High-Level Architecture

This is the section most candidates rush. Don't. The architecture isn't five boxes connected by arrows — it's the answer to "what would the naive design get wrong, and how do we fix it without making the system unmaintainable?" We'll build it up in three passes: the naive version, why it breaks, and the production shape.

Pass 1 — the naive design (and why it dies)

Imagine the simplest thing that could work: one app server, one database, one disk. The client POSTs the file, the server writes bytes to disk, writes a row to the DB, returns OK.
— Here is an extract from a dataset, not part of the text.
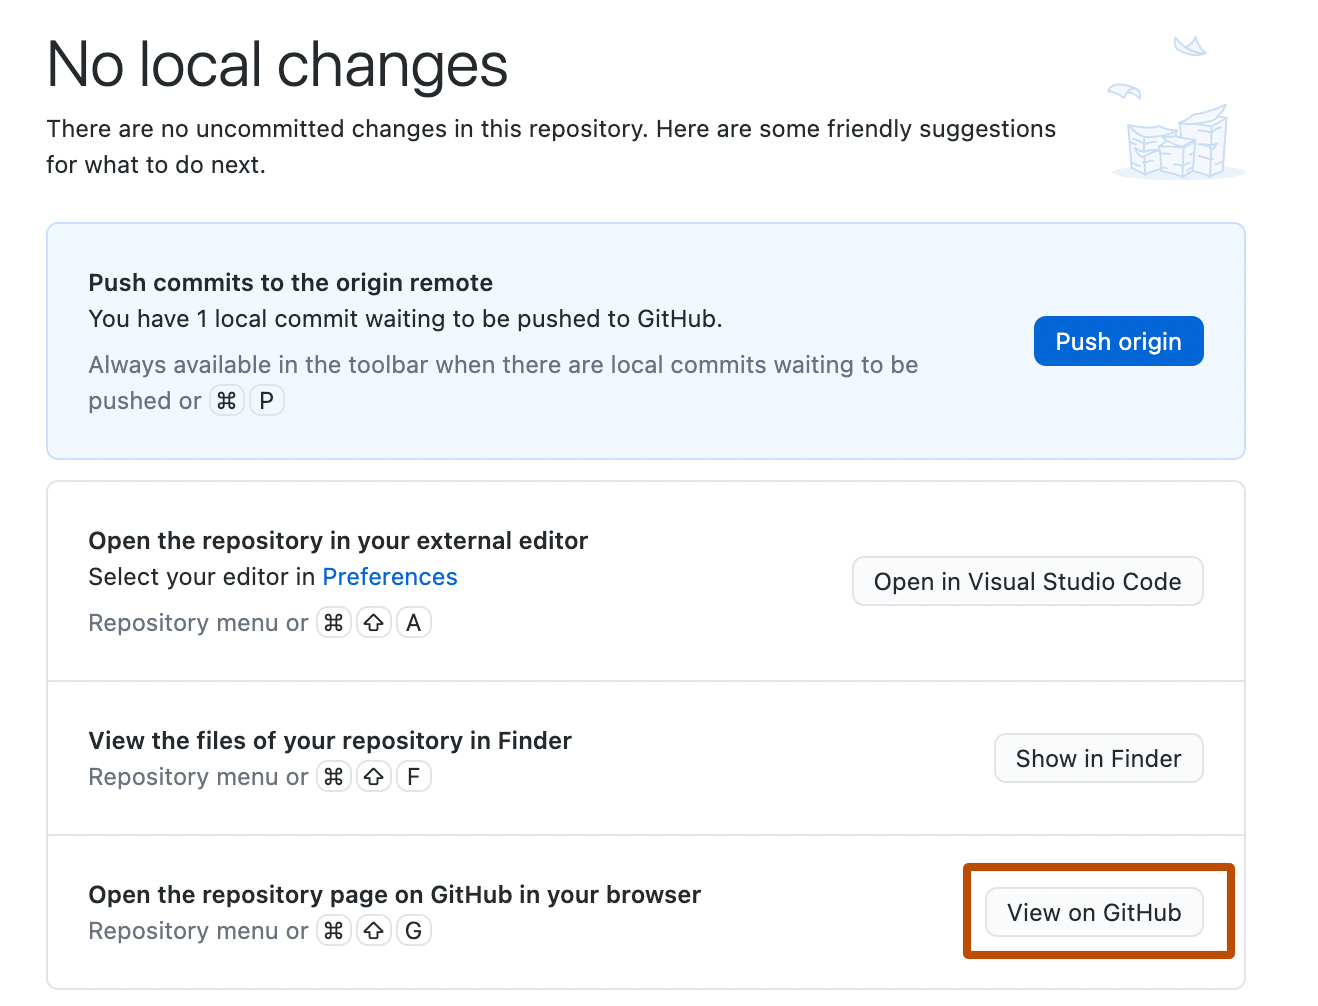 Снимок экрана: экран "Нет локальных изменений". В списке предложений кнопка с надписью "Вид на GitHub" выделена оранжевым контуром.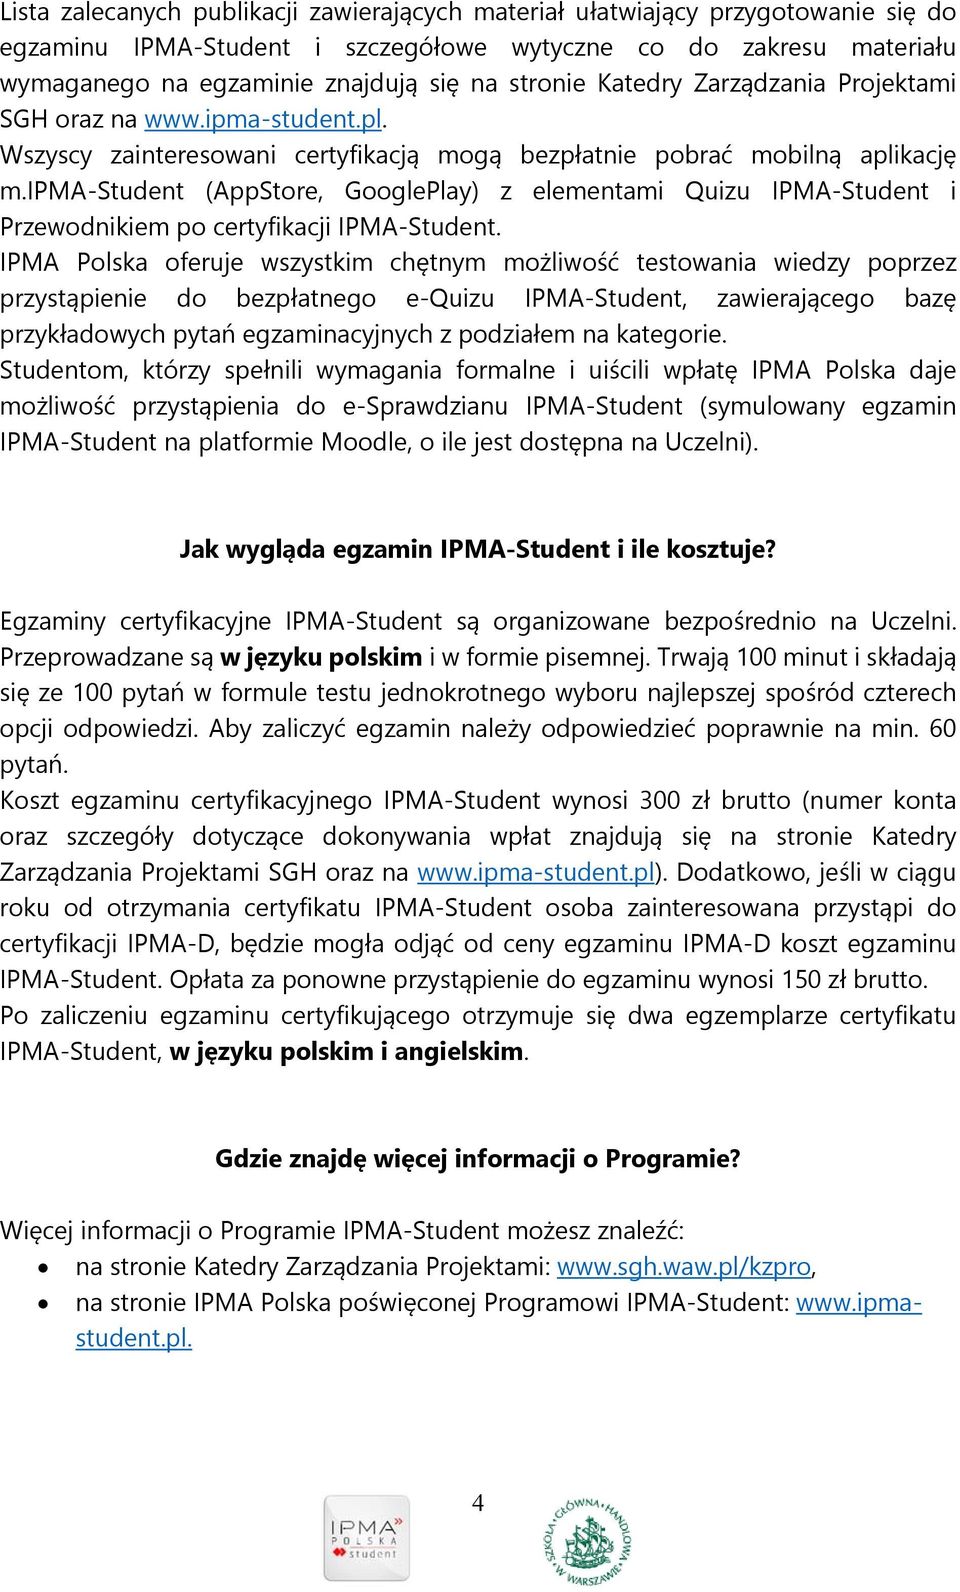 ipma-student (AppStore, GooglePlay) z elementami Quizu IPMA-Student i Przewodnikiem po certyfikacji IPMA-Student.

flowchart LR C([Client]) -- POST file --> A[App Server] A -- write bytes --> D[(Local Disk
file content)] A -- write row --> DB[(Database
file metadata)] style C fill:#e8743b,stroke:#e8743b,color:#fff style A fill:#4a90d9,stroke:#4a90d9,color:#fff style D fill:#d4a838,stroke:#d4a838,color:#000 style DB fill:#9b72cf,stroke:#9b72cf,color:#fff

Why two stores even in the naive design? Files have two kinds of data with totally different access patterns. The bytes (a 12 MB doc, a 5 GB video) belong on a filesystem — disks stream big blobs well but can't answer "list every file Sarah owns starting with R." The metadata (file_id, owner, path, size, created_at — a few hundred bytes) belongs in a database — DBs do indexed lookups, joins, and ACL checks instantly but choke if you stuff terabytes of BLOBs into them (backups balloon, replication lags, queries accidentally stream gigabytes). So even the simplest sane design already splits storage by data shape: bytes → disk, structured records → DB. The production design just supercharges each side — bytes go to S3 + CDN (instead of one disk), metadata goes to sharded SQL + cache + queue (instead of one DB). The split itself is the same idea.

💥 Bandwidth cliff

One million users uploading 1 GB videos pumps every byte through your app servers. A 10 Gbps link saturates at ~80 concurrent uploads. App servers die first.

💥 Stateful servers

Files live on local disk → server X has the file, server Y doesn't. Load balancer must pin requests to the "right" server. Lose that disk, lose the file.

💥 No multi-device sync

How does the user's phone learn that the laptop just saved a new version? The naive design has no answer — there's no push channel, no event log, nothing.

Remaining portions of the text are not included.